Dans le domaine des aides alimentaires destinées aux sportifs, on peut rencontrer une myriade de compléments tous
annoncés par la publicité comme étant efficaces et absolument indispensables pour atteindre le niveau maximal de la
forme physique. Naturellement, ce n’est pas le cas. En étudiant les tests scientifiques sur l’homme, on découvre que, en réalité, seulement un tout petit nombre de compléments de diverses natures sont vraiment efficaces, sains et sans dangers collatéraux. Parmi eux, les vitamines et les minéraux.

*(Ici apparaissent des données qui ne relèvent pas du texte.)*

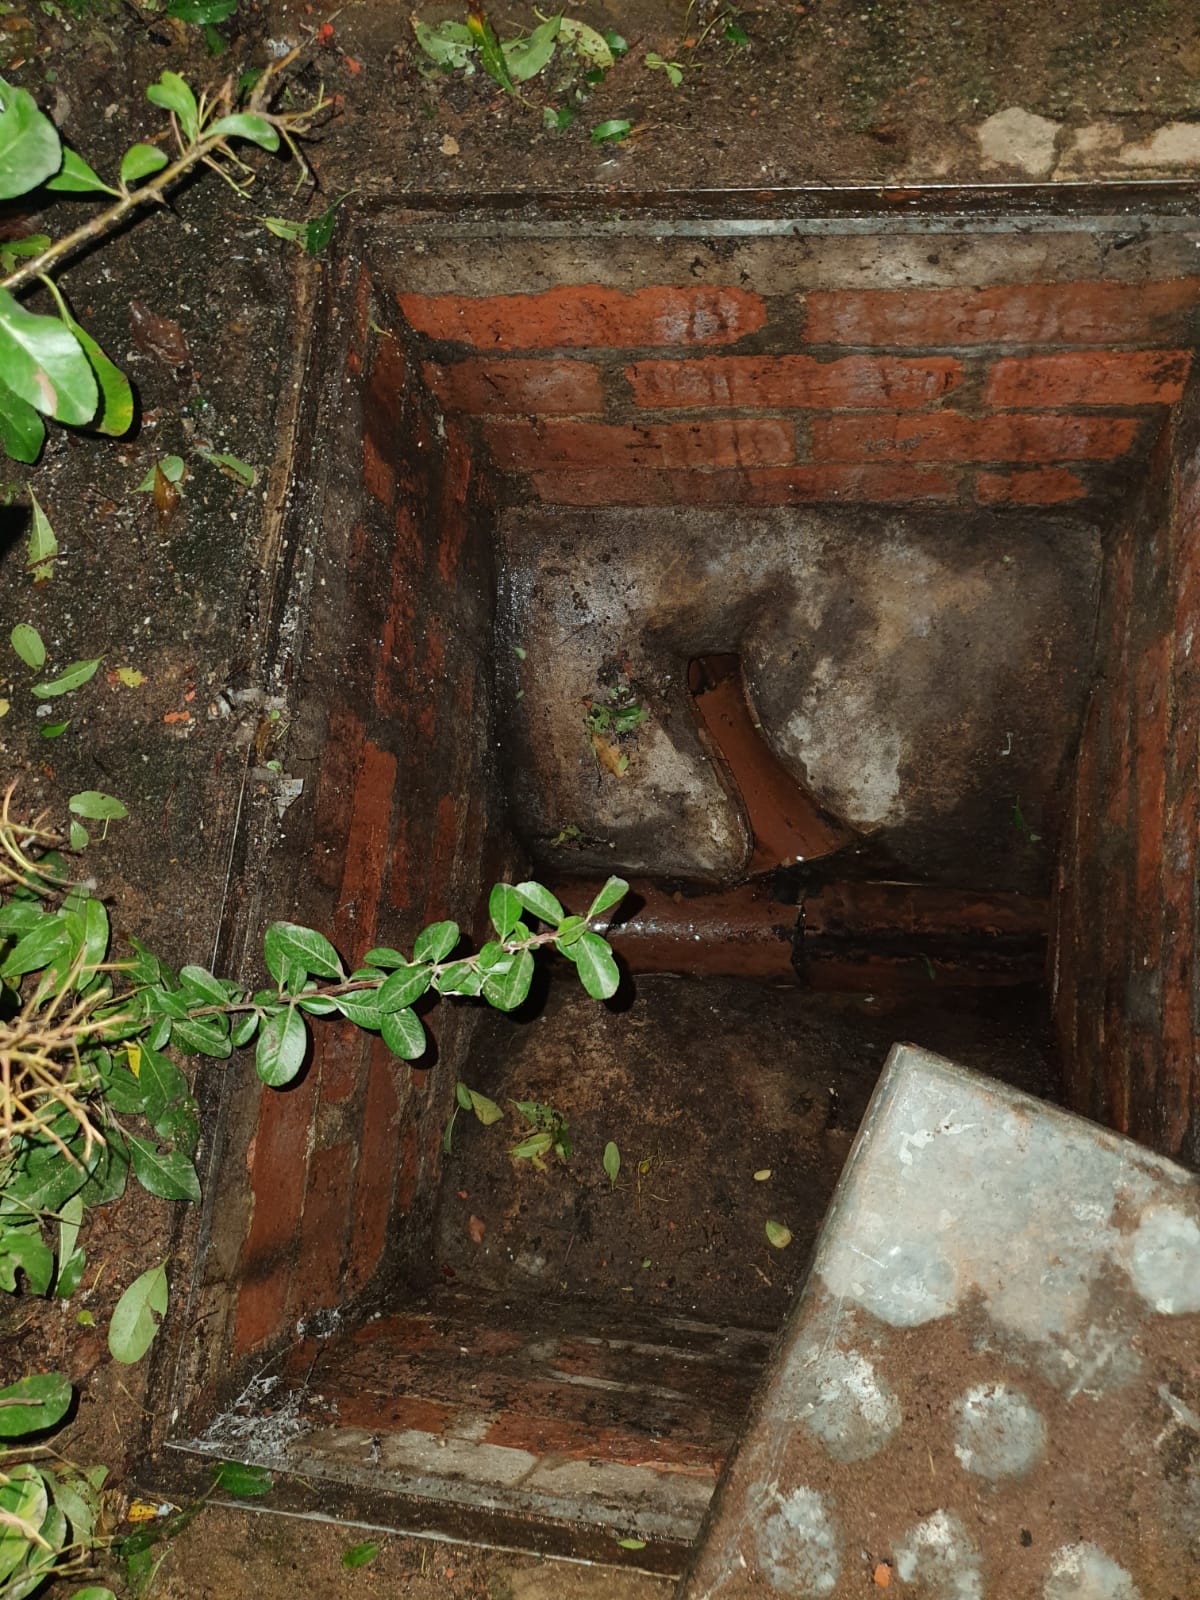 How to avoid smelly drains in your property?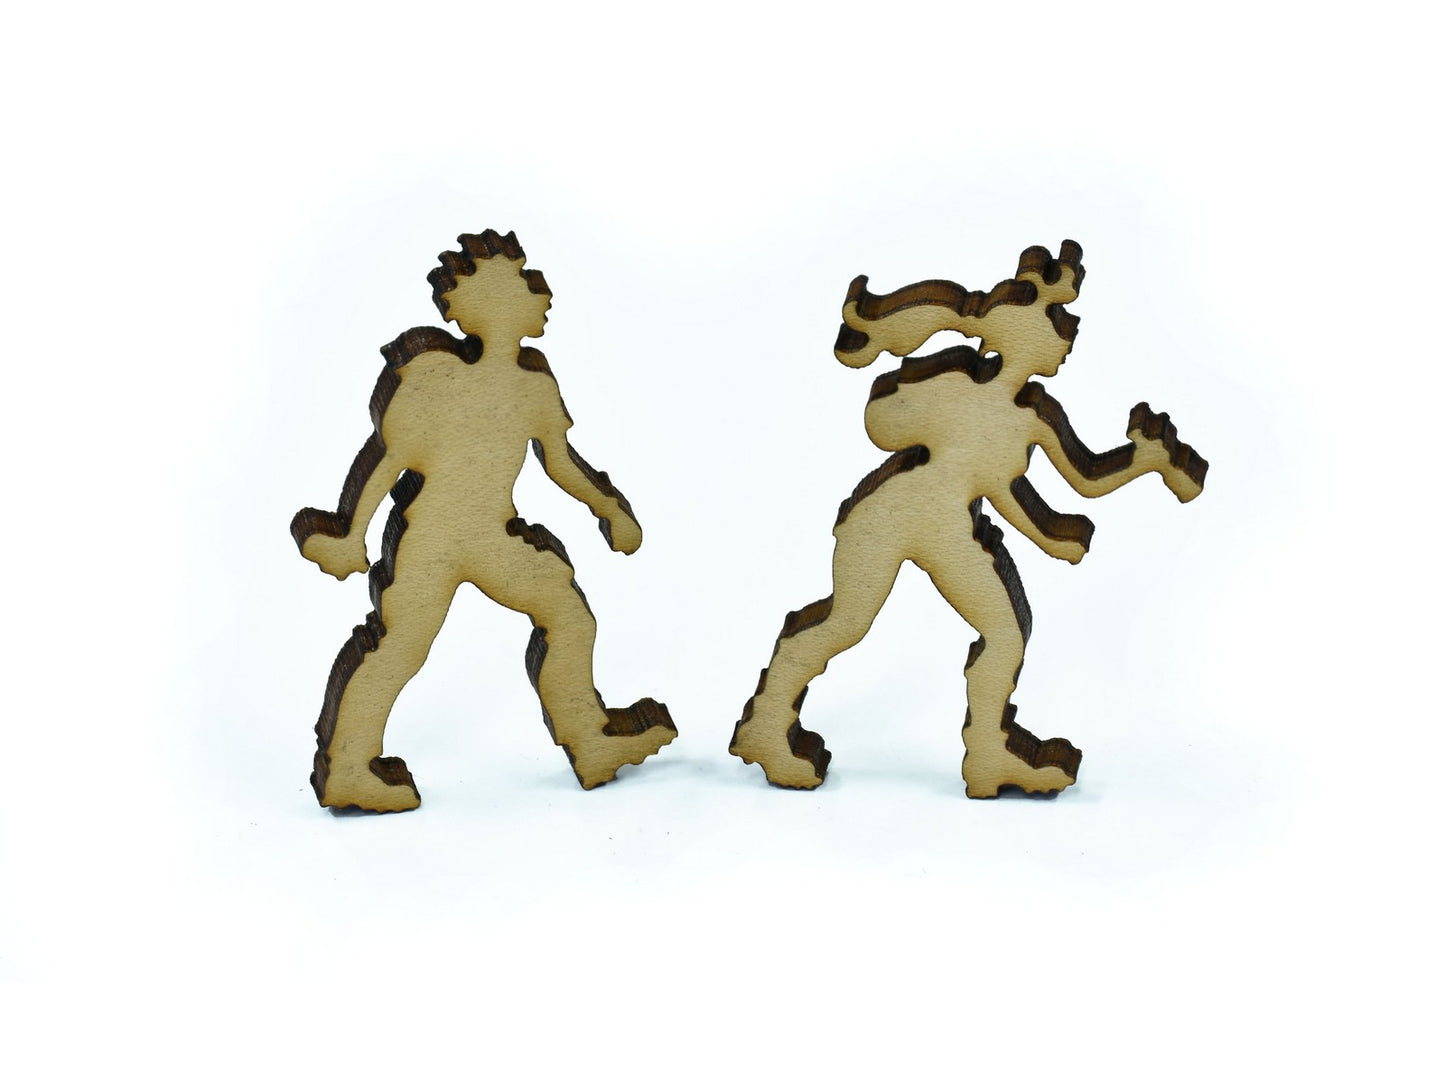 A closeup of pieces in the shape of two hikers.

Nous prendrons en considération uniquement les produits sérieux, vérifiés par la recherche scientifique, et capables
d’améliorer la masse musculaire sans aucun risque. Nous y ajouterons les recommandations exactes quant à la dose à prendre. Avant d’entrer plus en détail dans l’argumentation, il est bon de souligner quelques principes de base. Le complément alimentaire n’est pas un produit de dopage, puisqu’il ne s’agit pas de médicament et ne figure pas dans la liste publiée par le Comité Olympique International (CIO). Un complément alimentaire ne doit jamais se substituer à un repas mais, au contraire, en enrichir le menu. Le résultat positif d’un complément alimentaire ne deviendra évident qu’à condition qu’il soit pris de façon continue, accompagné d’une routine alimentaire correcte et
saine. De plus, l’organisme et la musculature n’exploiteront le complément que s’ils en ont vraiment besoin. Ceci est un point fondamental, dans la mesure où cela n’a aucun sens de se gaver de compléments si le corps n’en a pas besoin. Par ailleurs, si un complément ne donne pas les résultats attendus, il vaut mieux l’arrêter. On rappellera, pour conclure, que beaucoup de composants proposés sous forme de compléments, sont employés en médecine courante et en physiothérapie pour aider et améliorer la réponse de patients souffrant de troubles pathologiques.

Créatine monohydrate
La créatine monohydrate, ou CM, est un tripeptide, à savoir une substance composée de 3 aminoacides qui sont l’arginine, la glycine et la méthionine. Souvenons-nous qu’un beefsteak est composé de simples aminoacides, un peu comme nos muscles. La créatine est naturellement synthétisée par notre organisme (foie, reins et pancréas) à raison d’environ 1 g par jour. On augmente naturellement la production de cette molécule lorsqu’on s’alimente davantage en viandes rouges ou en poissons (environ 1 g) ; 95 % de la CM se trouvent dans les muscles squelettiques, tandis que les autres 5 % se répartissent entre le cerveau, le cœur, les spermatozoïdes, les globules rouges et les lymphocytes, la rétine. Il n’y a pas de différence majeure entre les 2 sexes, même si tes fibres de type FT en sont plus riches.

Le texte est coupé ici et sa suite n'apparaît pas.